WHAT TO DO
Apart from the pictures, reproduce the data below exactly as it stands.

DATA SECTION
/---

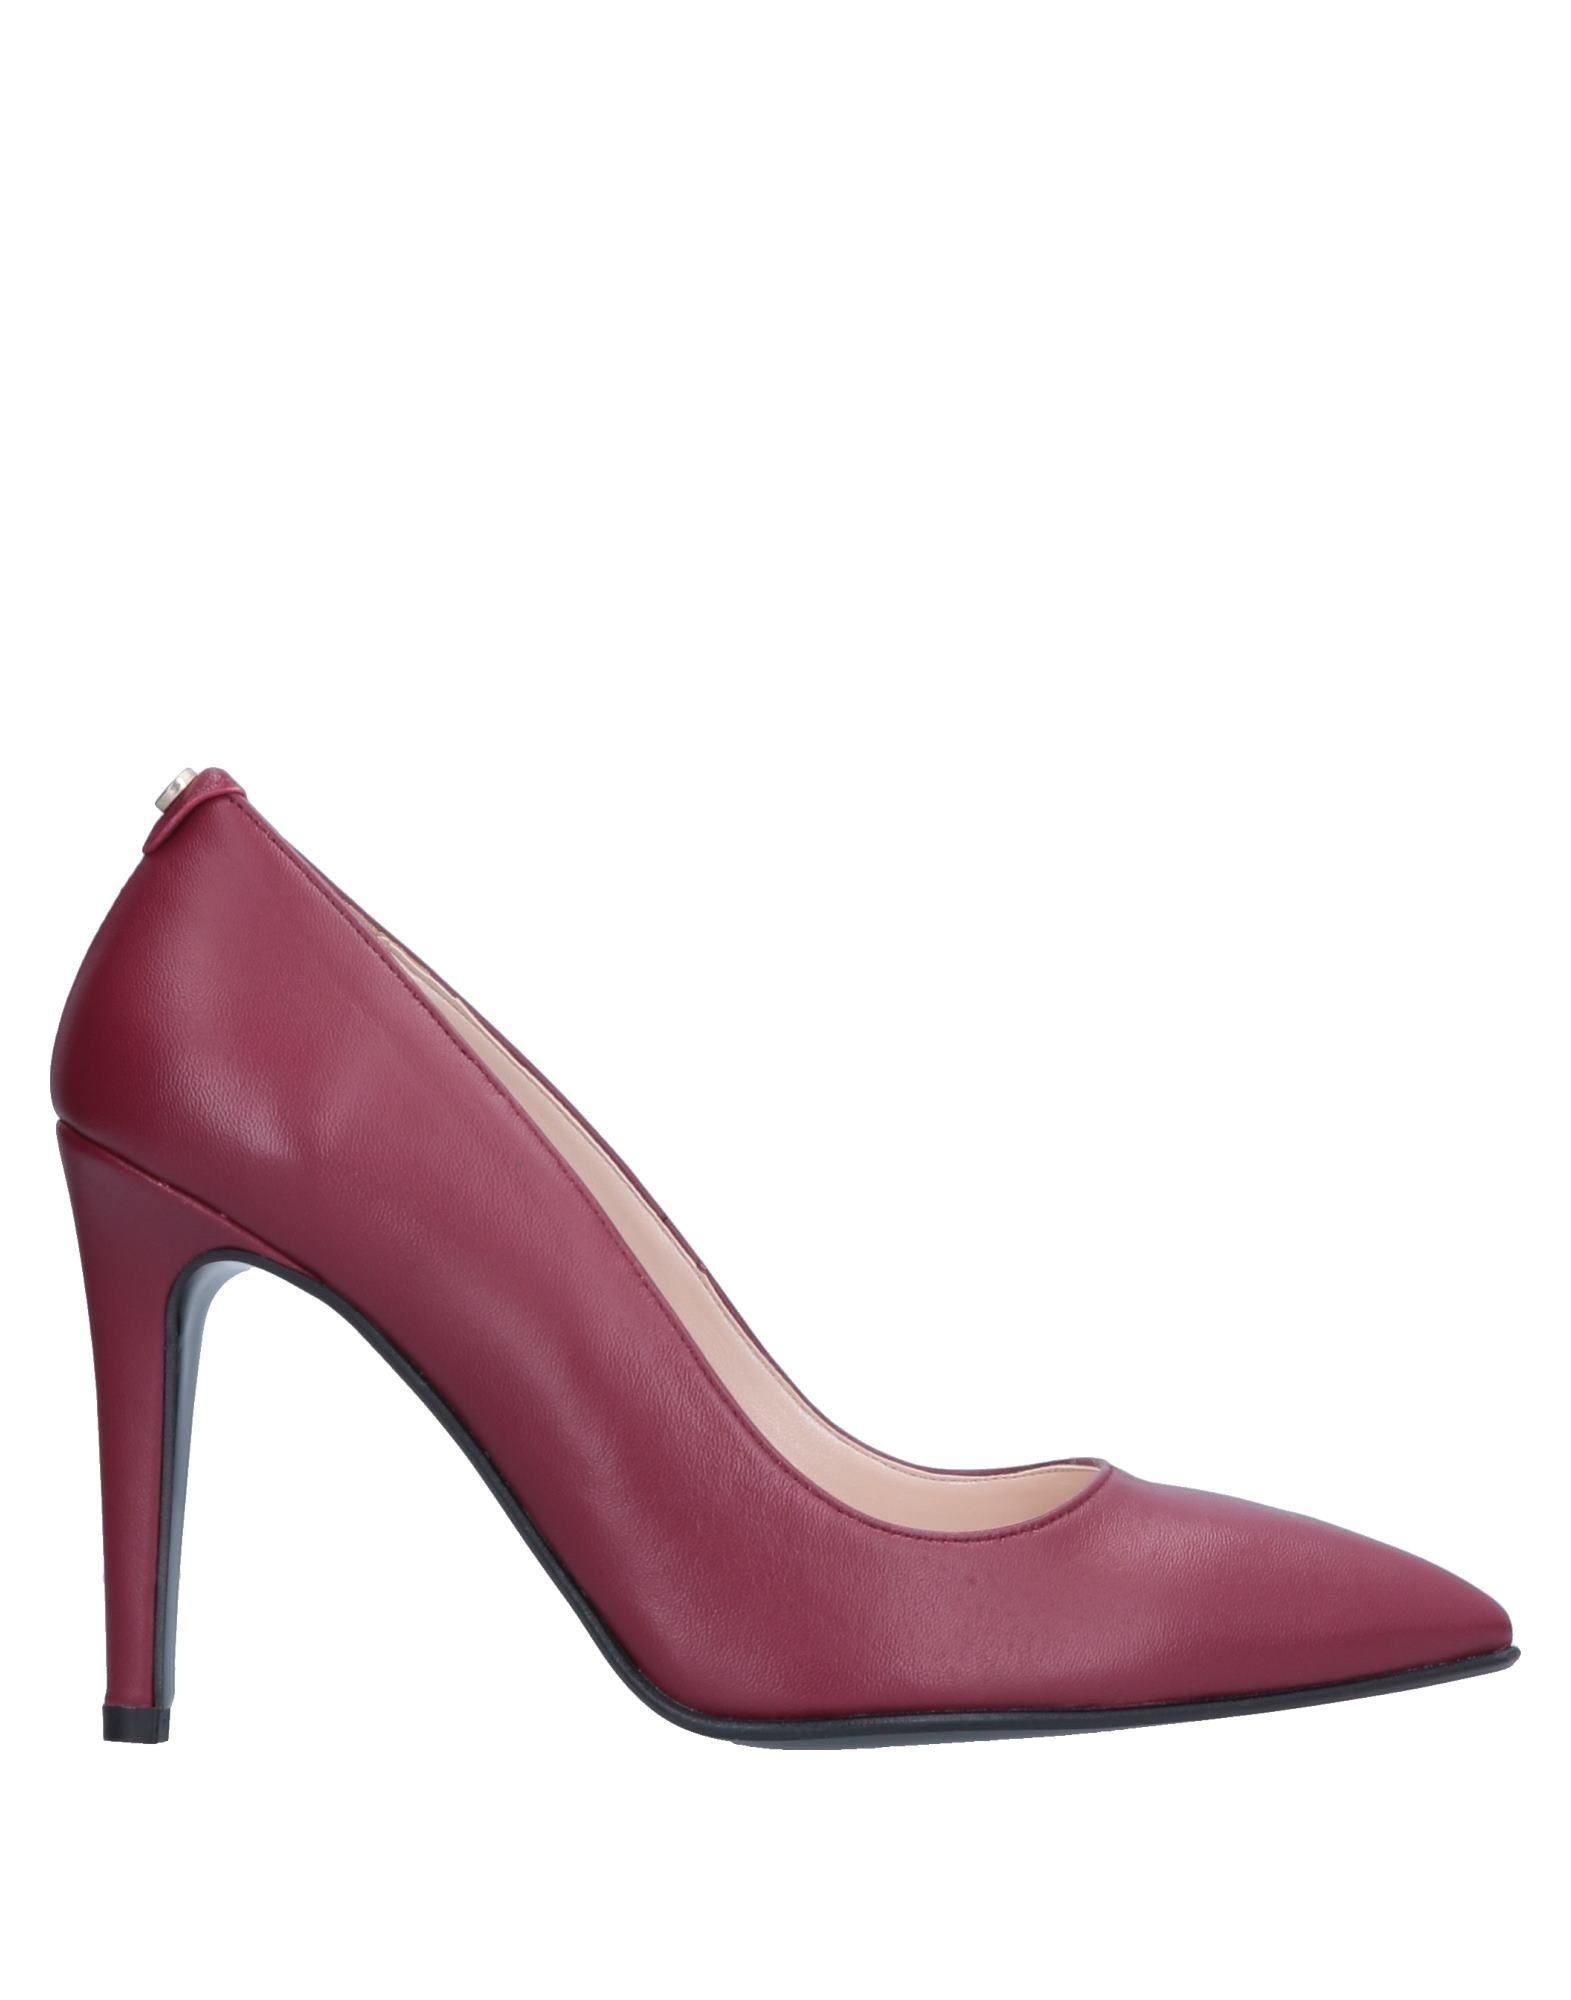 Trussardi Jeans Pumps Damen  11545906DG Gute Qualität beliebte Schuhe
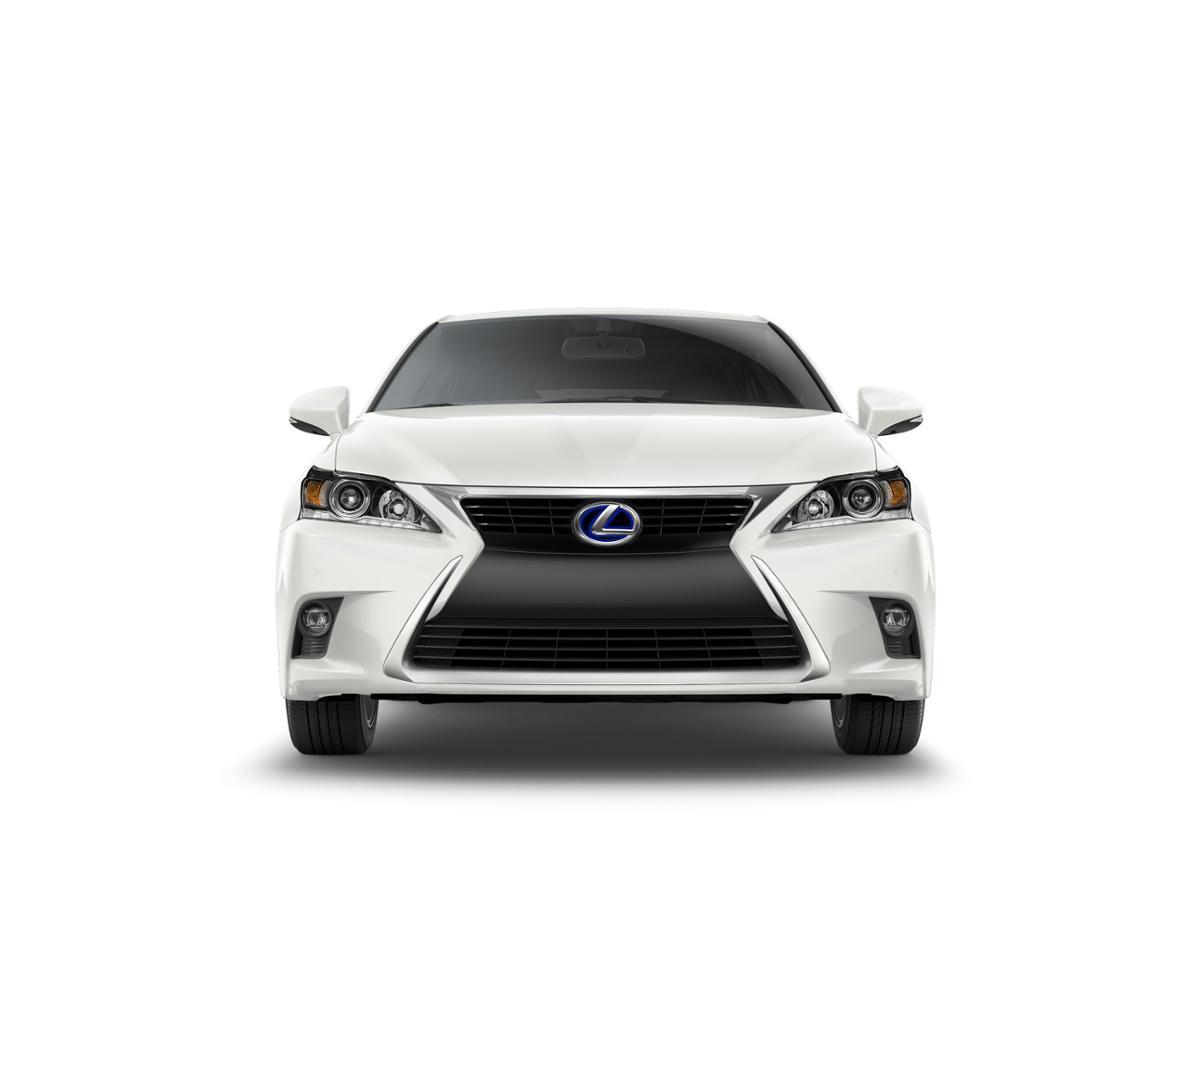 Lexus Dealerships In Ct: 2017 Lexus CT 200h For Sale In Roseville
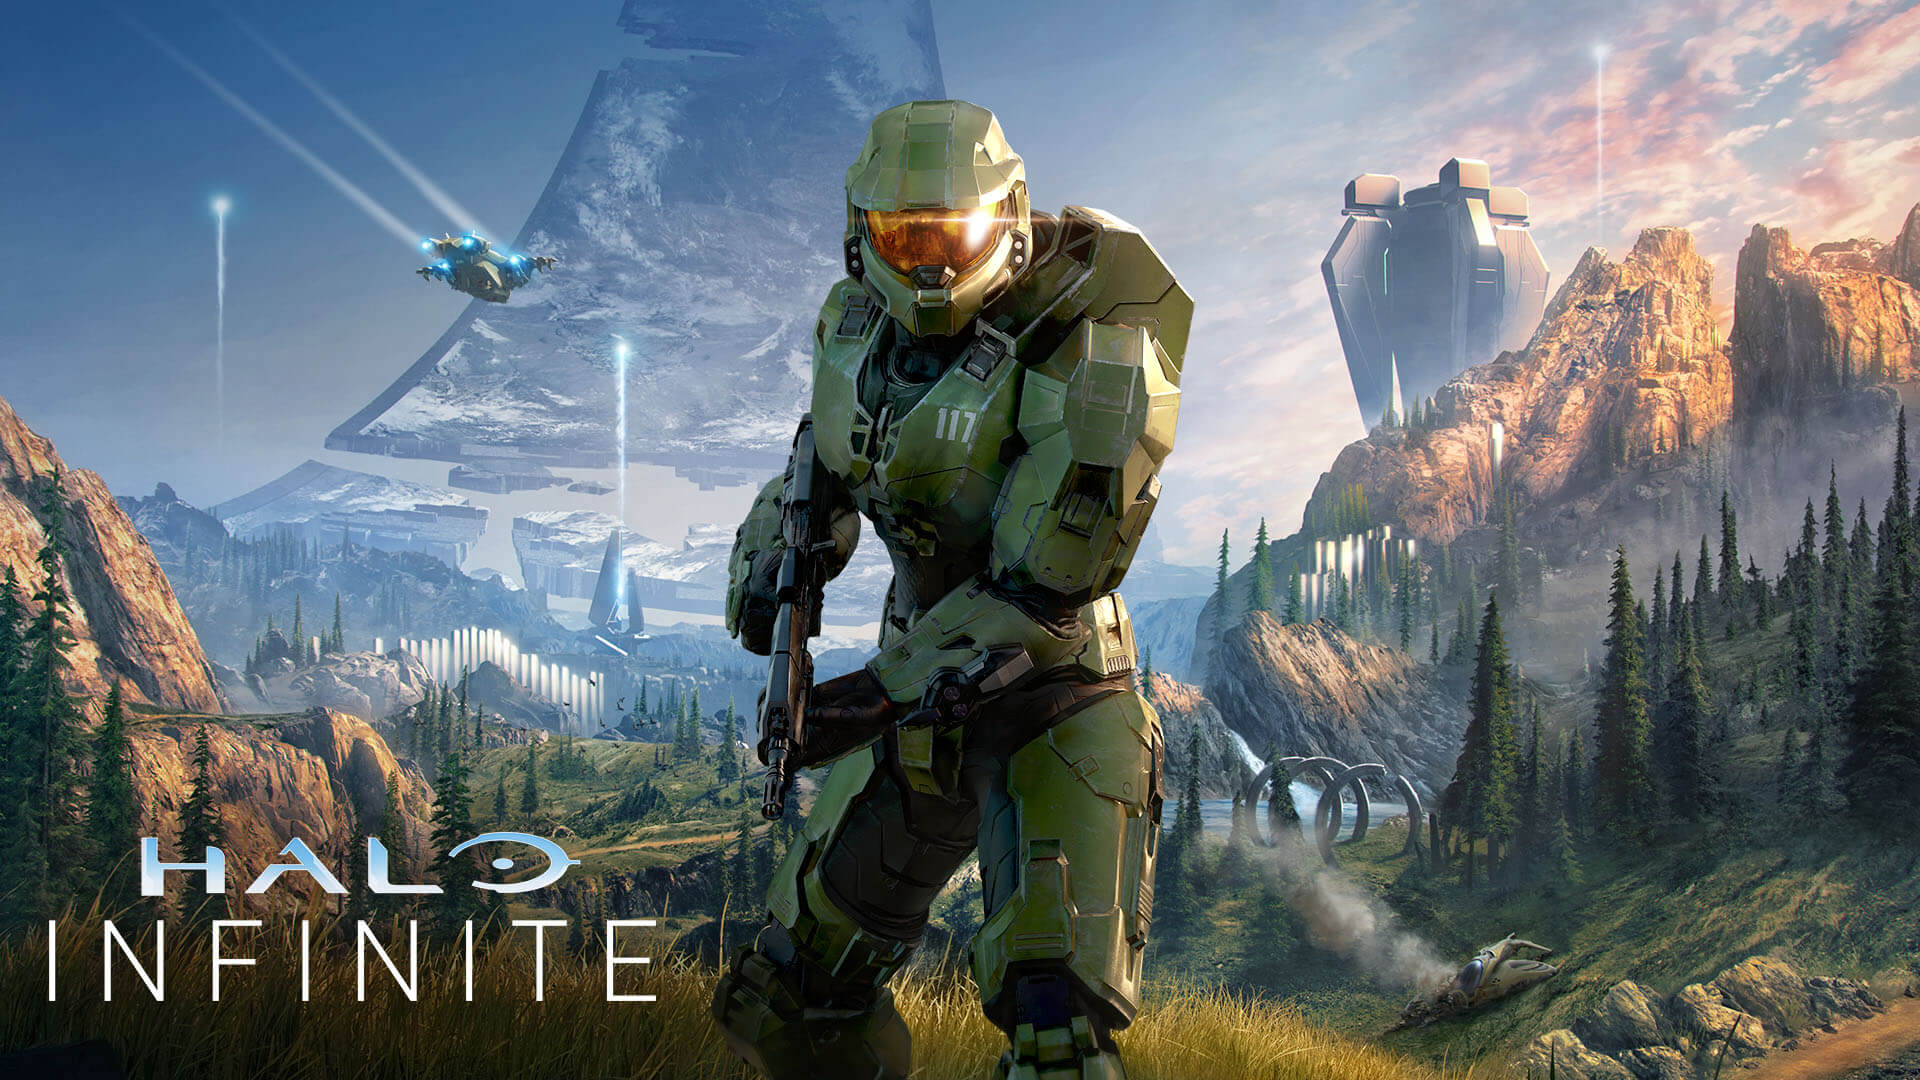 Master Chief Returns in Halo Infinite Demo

\---

ANSWER TO THIS TASK
 Trussardi Jeans Pumps Damen  11545906DG Gute Qualität beliebte Schuhe
 Lexus Dealerships In Ct: 2017 Lexus CT 200h For Sale In Roseville
 Master Chief Returns in Halo Infinite Demo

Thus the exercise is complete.